═══ AVAILABLE DATA ═══

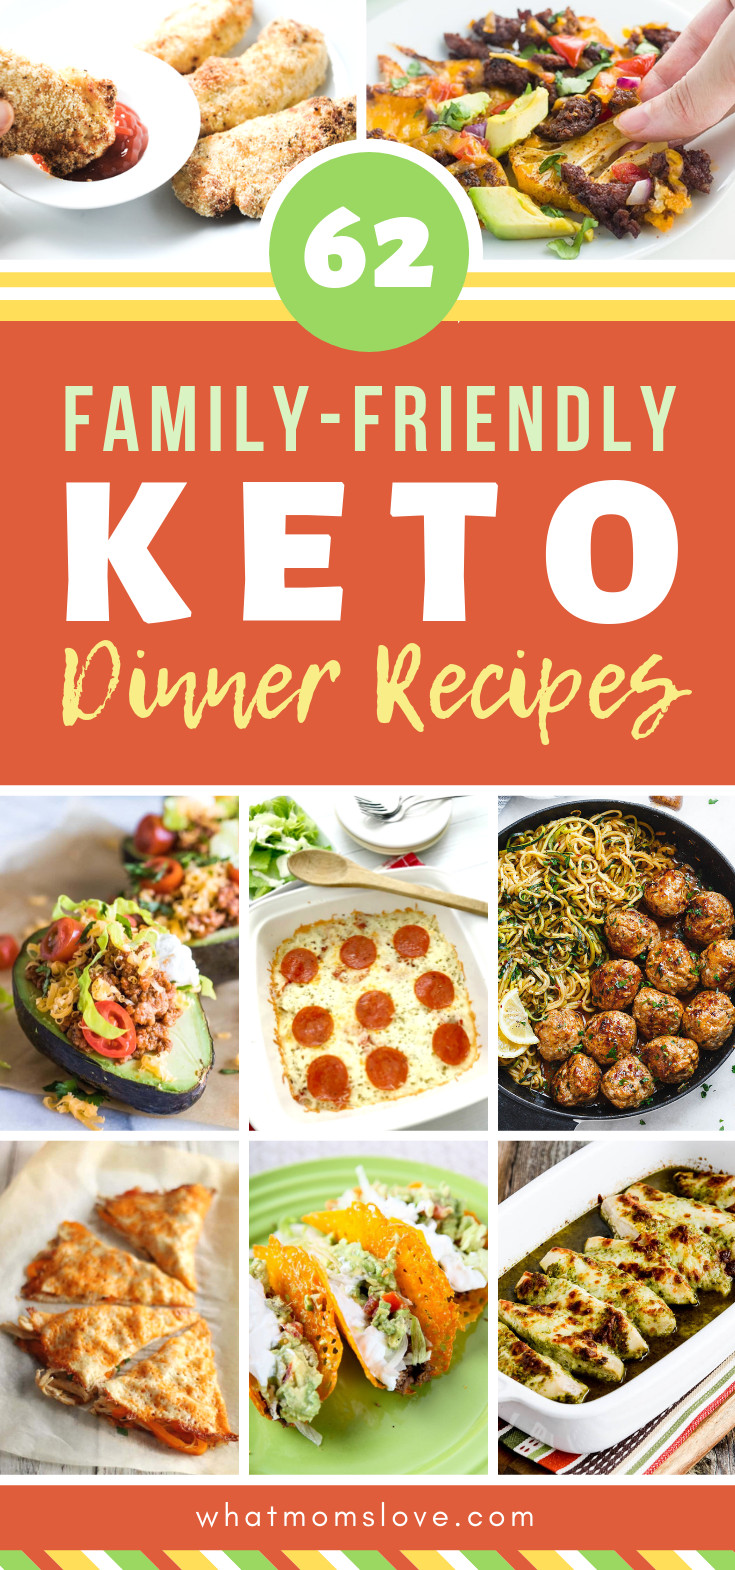 Kid Friendly Keto Dinners
 60 Kid Friendly Keto Dinner Recipes Your Entire Family
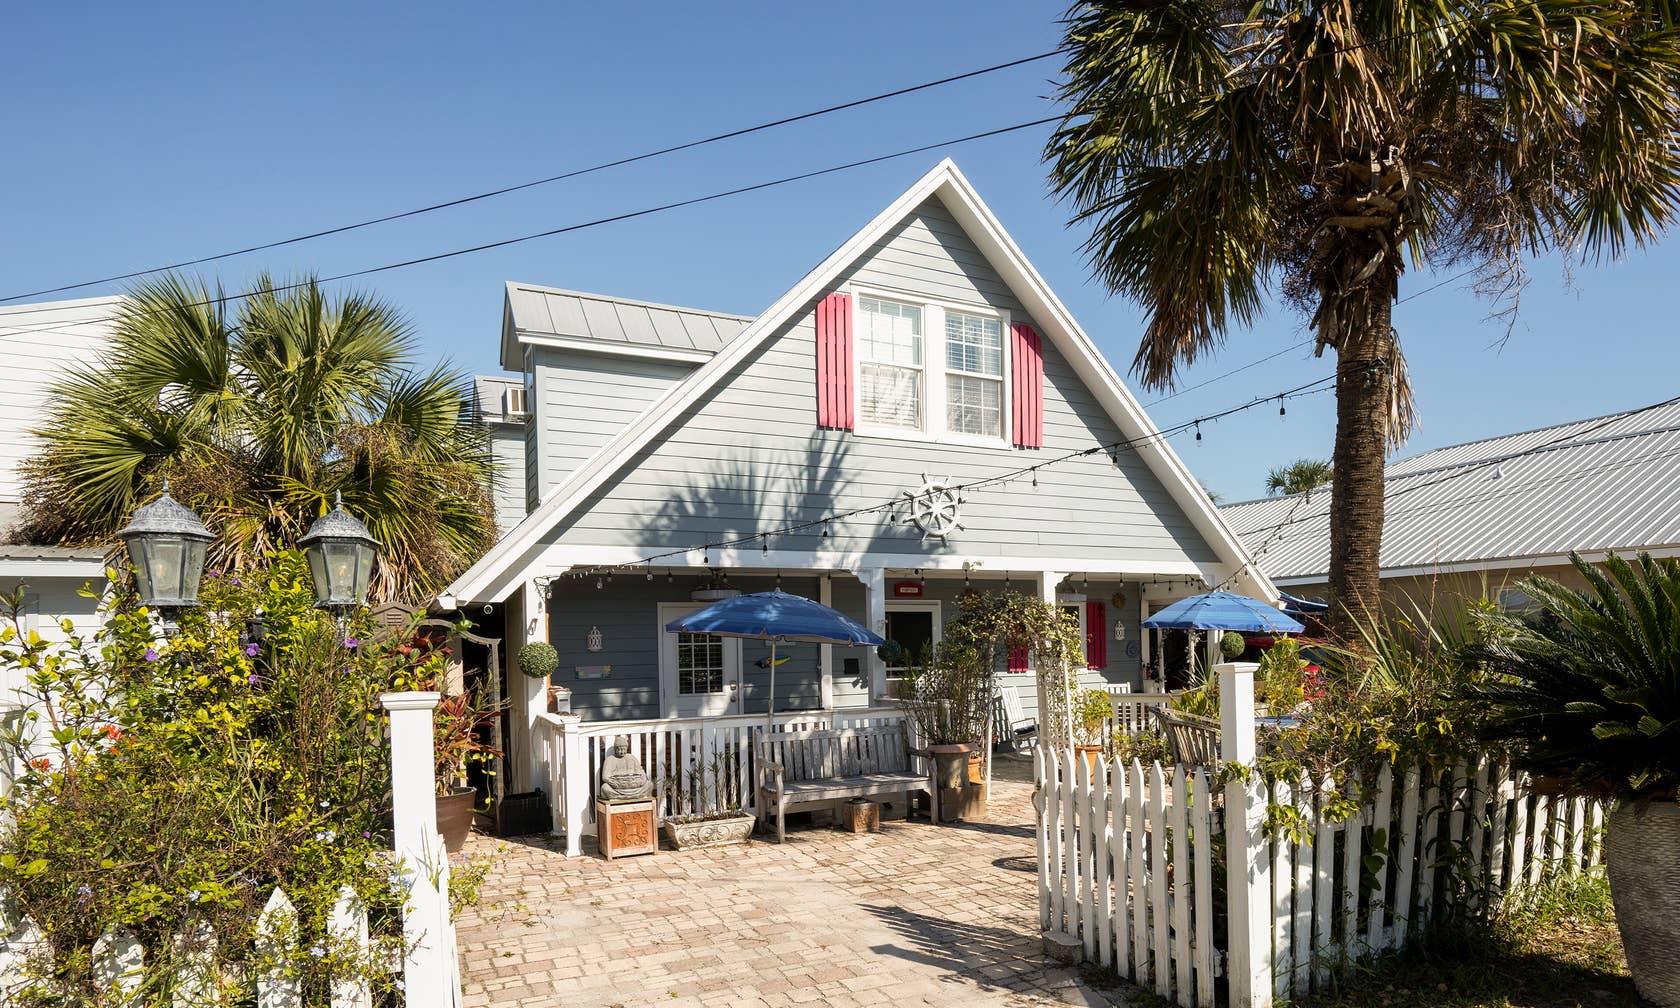 St. Augustine Beach House Rentals   Cottage and House Rentals   Airbnb

═══

:: TRY IT ::
Reproduce the listing above exactly, but skip the pictures.

:: EXERCISE SOLUTION ::
 Kid Friendly Keto Dinners
 60 Kid Friendly Keto Dinner Recipes Your Entire Family
 St. Augustine Beach House Rentals   Cottage and House Rentals   Airbnb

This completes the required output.